Très moine, très solitaire, il était en même temps très humain. Animé de « l’amour de l’ordre monastique », il s’efforçait de maintenir dans son monastère cette unanimité clunisienne dont l’exemple venait de la communauté des Apôtres. « Bien que ses moines fussent de différentes nations, ils étaient unis par l’esprit, de telle façon qu’en eux s’accomplissait ce qu’on lit de l’église naissante, aux Actes des Apôtres : Il y avait en eux un seul coeur, une seule âme. » Parfois « il s’asseyait parmi ses frères pour s’entretenir avec eux ». Ceux de ses fils qui étaient las, il les consolait avec bonté. « Aux autres il insinuait de goûter, par le zèle d’une méditation assidue, combien le Seigneur est doux. » Il savait rester moine parmi les moines : « Ce bon père emplissait de joie ces bons fils : il restait avec eux comme l’un d’eux, il donna en tout l’exemple d’une humilité invincible».
Enfin, sa charité s’exerçait envers tous : « Avec ceux qui sont proclamés bienheureux parce qu’ils pleurent, il désirait pleurer sur les négligences et les peines de ses fils et du monde entier, afin de parvenir à l’éternelle consolation avec tous les siens ». Personne ne fait rien seul dans l’ordre du salut ; saint Mayeul avait un sens aussi vif de la communion des saints que de la solitude : il s’était retiré au désert pour le profit de tous.
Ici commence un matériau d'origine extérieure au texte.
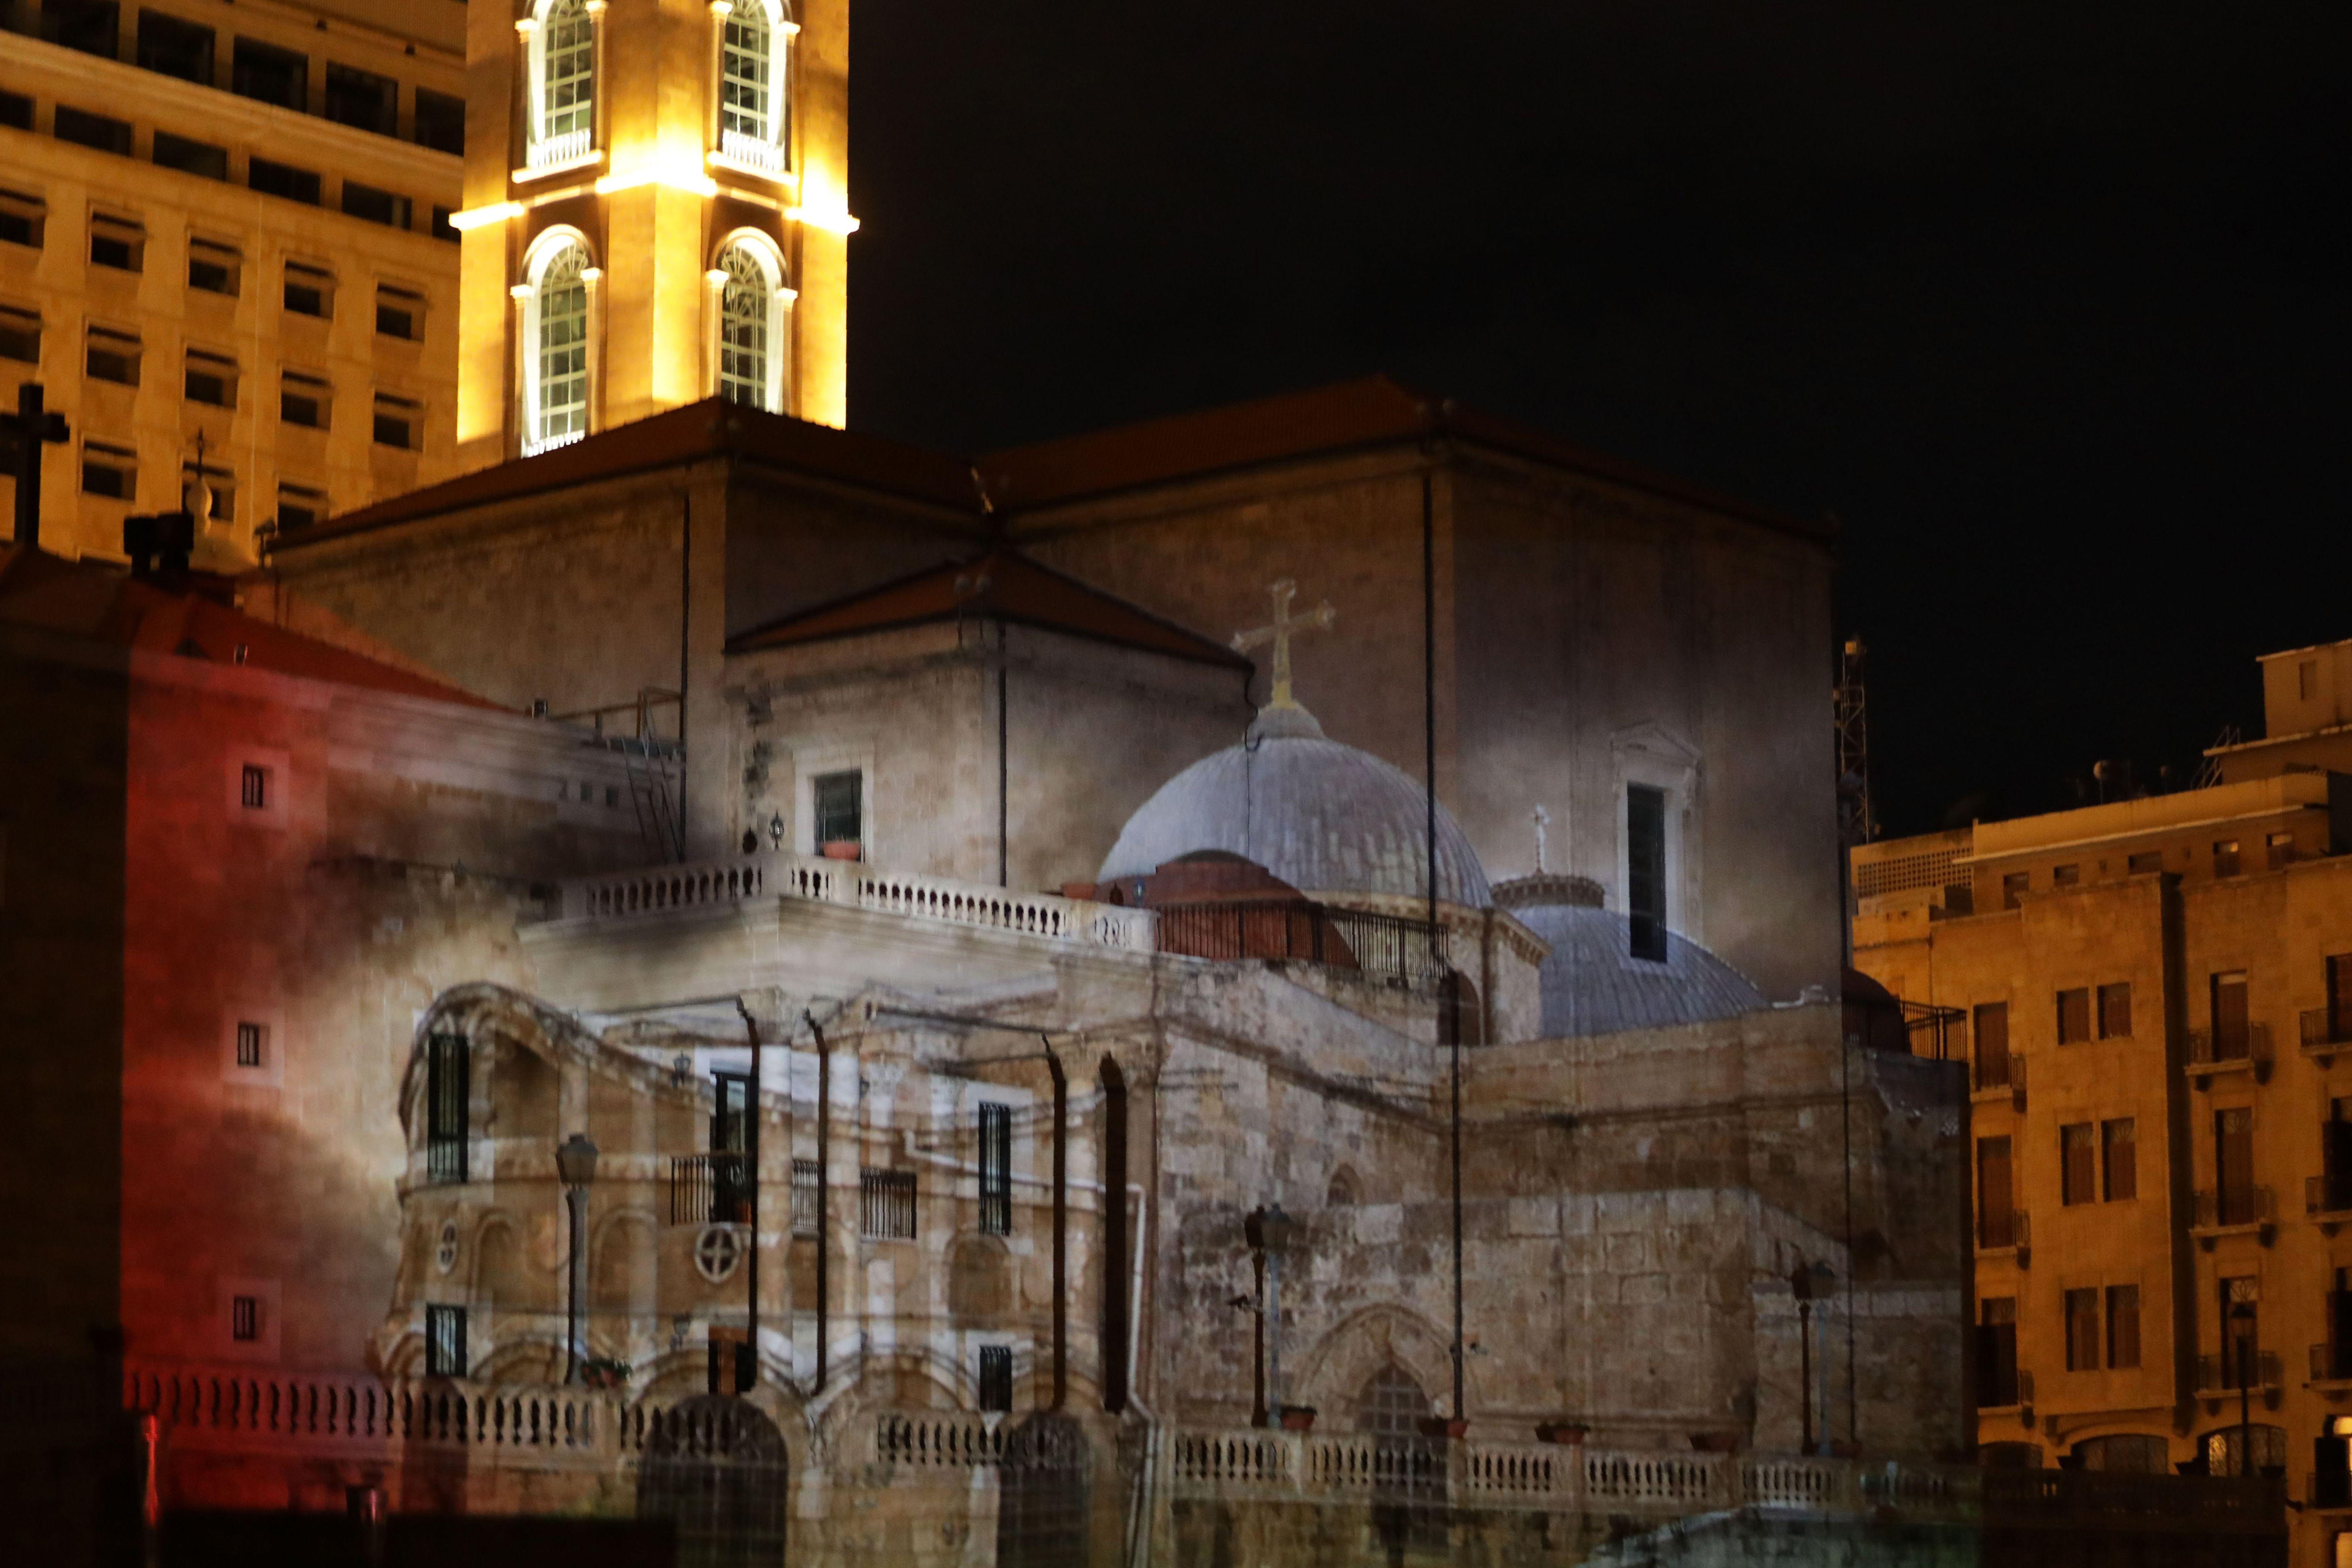 جانب من إنارة مسجد الأمين وكاتدرائية مارجرجس

De cette sorte il faisait participer l’église entière au fruit de sa contemplation. Car il priait «pour son salut et pour celui du monde entier… Se sacrifiant entièrement sur l’autel de la contemplation et pratiquant une lourde mortification quotidienne il devenait une victime agréable à Dieu… Et par la foi, comme le font les saints, il acquit au Seigneur les peuples de nombreuses nations ». La vie monastique comporte un sacrifice, mais qui est efficace pour le monde entier.
Surtout il désirait le Ciel et le faisait désirer: «Parce qu’il fut tendu assidûment dans le désir du Ciel, il mérita la grâce de la contemplation divine». «Il enseignait à aller vers la cité permanente, la céleste Jérusalem. » A la fin de sa vie, «soit dans le monastère, soit dans l’une des cellules des environs, il recevait les frères, les conseillait. Mais plus souvent encore, loin de tous, il s’unissait à Dieu seul». Cette alternance de prière et de rayonnement spirituel avait été l’occupation de toute son existence de moine. Il pouvait maintenant, libéré des soucis de l’administration, s’y adonner exclusivement, dans le désir de la paix qui suivrait, dans la patrie, son pèlerinage terrestre : « Il était arrivé à la pureté du moine. étant passé de Jéricho à Jérusalem, de cette terre obscure et misérable au pays de la lumière et de la paix, il avait fait une ascension pleine de joie ». Il mourut en 994 à Souvigny.
Le secret de saint Mayeul, des grands abbés de sa lignée, et de Cluny en ses deux premiers siècles, est dans cette ferveur tranquille et continue, dans cette alliance de la vigueur et de la paix. Expliquer le prestige de Cluny, soit par la longévité de ses abbés, soit par leur habileté politique, soit encore par l’appui des papes et des princes, c’est restreindre à des facteurs secondaires et humains une oeuvre essentiellement spirituelle. Car la source véritable du rayonnement d’un monastère n’est autre que la sainteté de ses moines. Puissions-nous, aidés par vos prières, marcher fidèlement sur les traces de nos saints pères.